What truly brings the opportunity to save some expense is the team’s workplace – the office space and its furnishing, tools such as computers and software, the back-end support from IT, Administration, and Human Resources departments.
The HR processes should be considered especially important in the case of an outsourced team, whose entire career development, motivation, satisfaction, and, obviously, budgeting lies on its direct employer – the company offering Team Leasing. The clients have the teams at their disposal simply to bring profit, without the need for recruiting, hiring, and maintaining them.
Neither the holiday season nor unexpected absence of team members are going to delay the project.
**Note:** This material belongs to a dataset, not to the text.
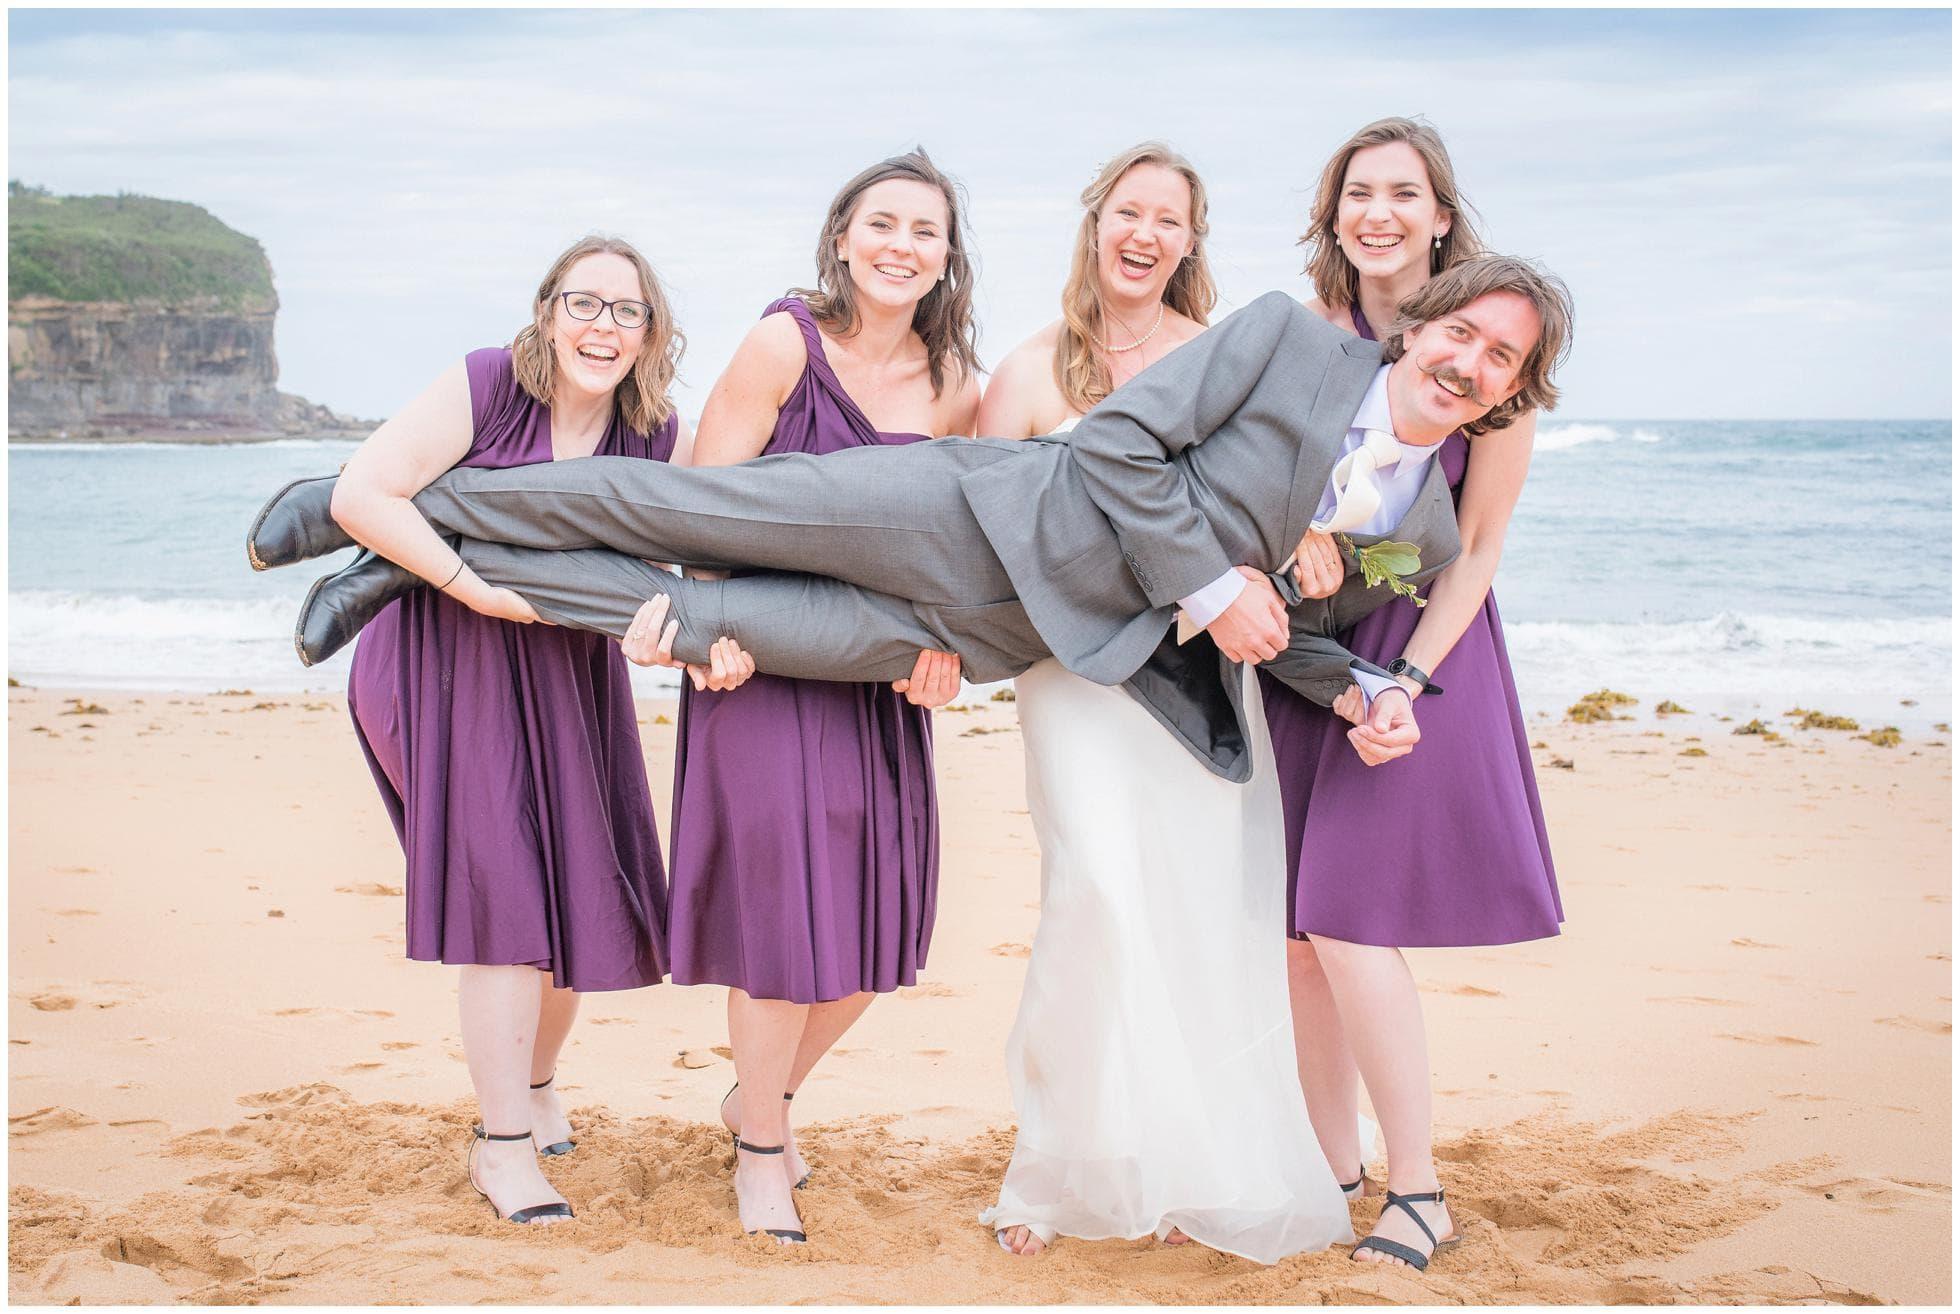 Bridesmaids holding up the groom on Mona Vale beach. Fun wedding photography!

The contracted team is obliged to finish its tasks in the allotted time regardless of the disposition of its members – a sick leave may not disturb what in my company is popularly called the „continuous bandwidth”.
A well-organized and experienced team will automatically fill the missing teammate’s seat, making the absence unnoticeable for the client, and if the team’s own resources prove insufficient, its direct employer will quickly provide an adequate substitution.
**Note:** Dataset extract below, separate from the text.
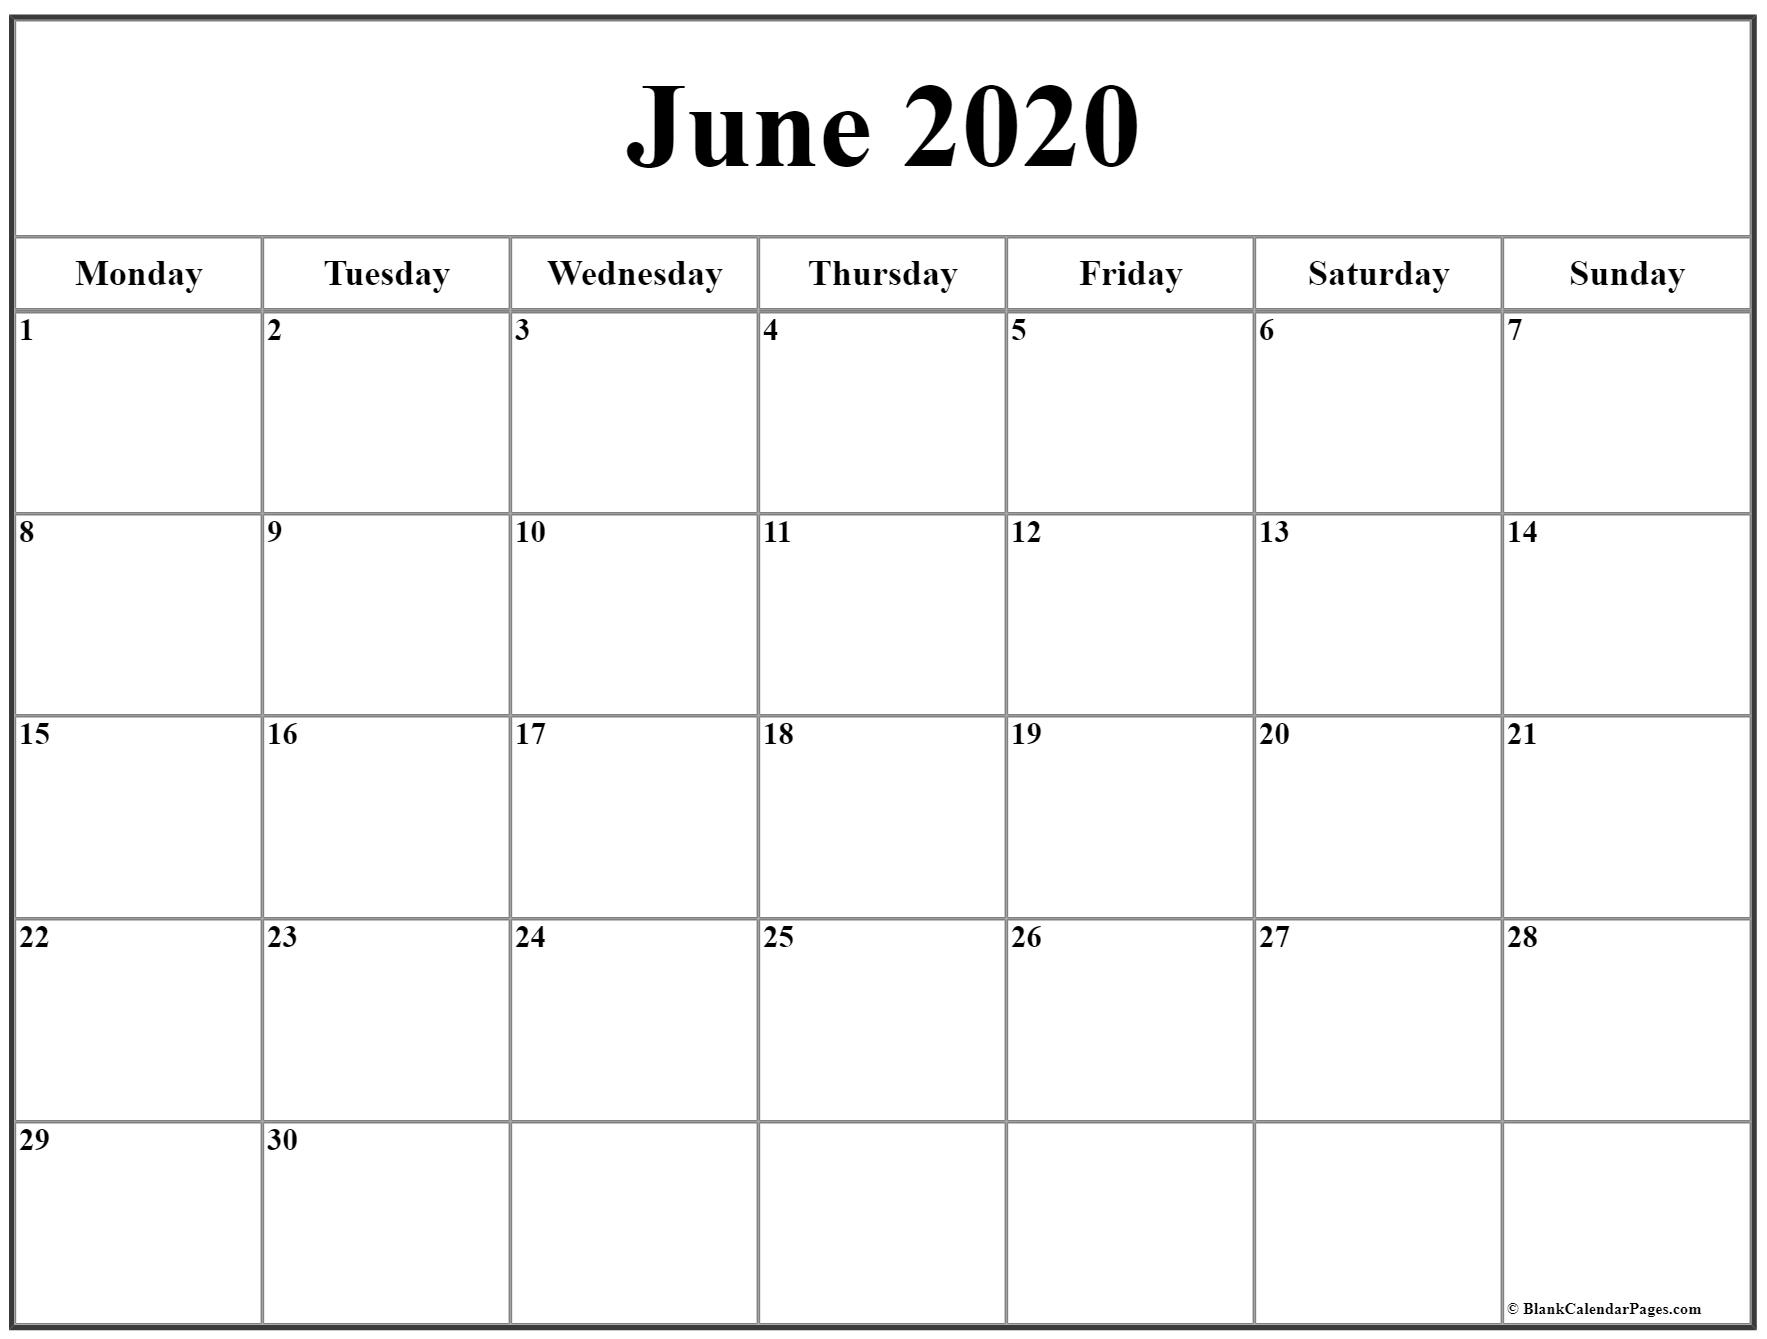 June 2020 Monday Calendar   Monday To Sunday

For outsourcing companies team leasing is the core of their business operation – this is what they sell. Therefore, the client is their most valuable asset and the client’s business is the base for their success. This is the reason why nobody would purposefully prolong deadlines, lower the quality, or offer sub-par workers – what is at stake here are reputation, partnership, and in the end, the invoice… While everybody knows the competition is waiting for even the slightest mistake just behind the corner.
Life is life and business is business. Sometimes unpopular decisions have to be made – sometimes costs need to be cut and sometimes the whole project simply ends. These situations are not easy for the company – all the affected employees must be redirected to different tasks, or even dismissed. The process of outplacement or off-boarding is always costly, whether in the strictly material or the less tangible terms. Not only does it antagonize all the affected, but also puts the employee at the risks of losing reputation among the remaining staff. People might feel less safe, experience the „survivor syndrome,” lose productivity, and even consider moving to another company. What is more, the company’s image in the eyes of potential future work candidates is a fragile structure -all the effort to build and improve it might prove to be a failed investment in the event of a group dismissal becoming common knowledge in the HR market.
These risks do not bother companies choosing to co-operate with contracted teams. If a project ends the direct employee simply delegates the team to a different project with no harm to anyone’s image, as companies offering team leasing are well prepared for such occurrences.
In conclusion, team leasing is the right solution for those companies which want to start a new project quickly, efficiently, and not waste time and resources for building and maintaining a new team. Instead, the company can focus entirely on its core activities, develop its assets, work on its innovation, and set new goals for their contracted teams, whose direct employer handles all the matters not directly related to the project
In my everyday work I have constantly experienced such division of responsibilities to bring project success to both the team leasing company and the client.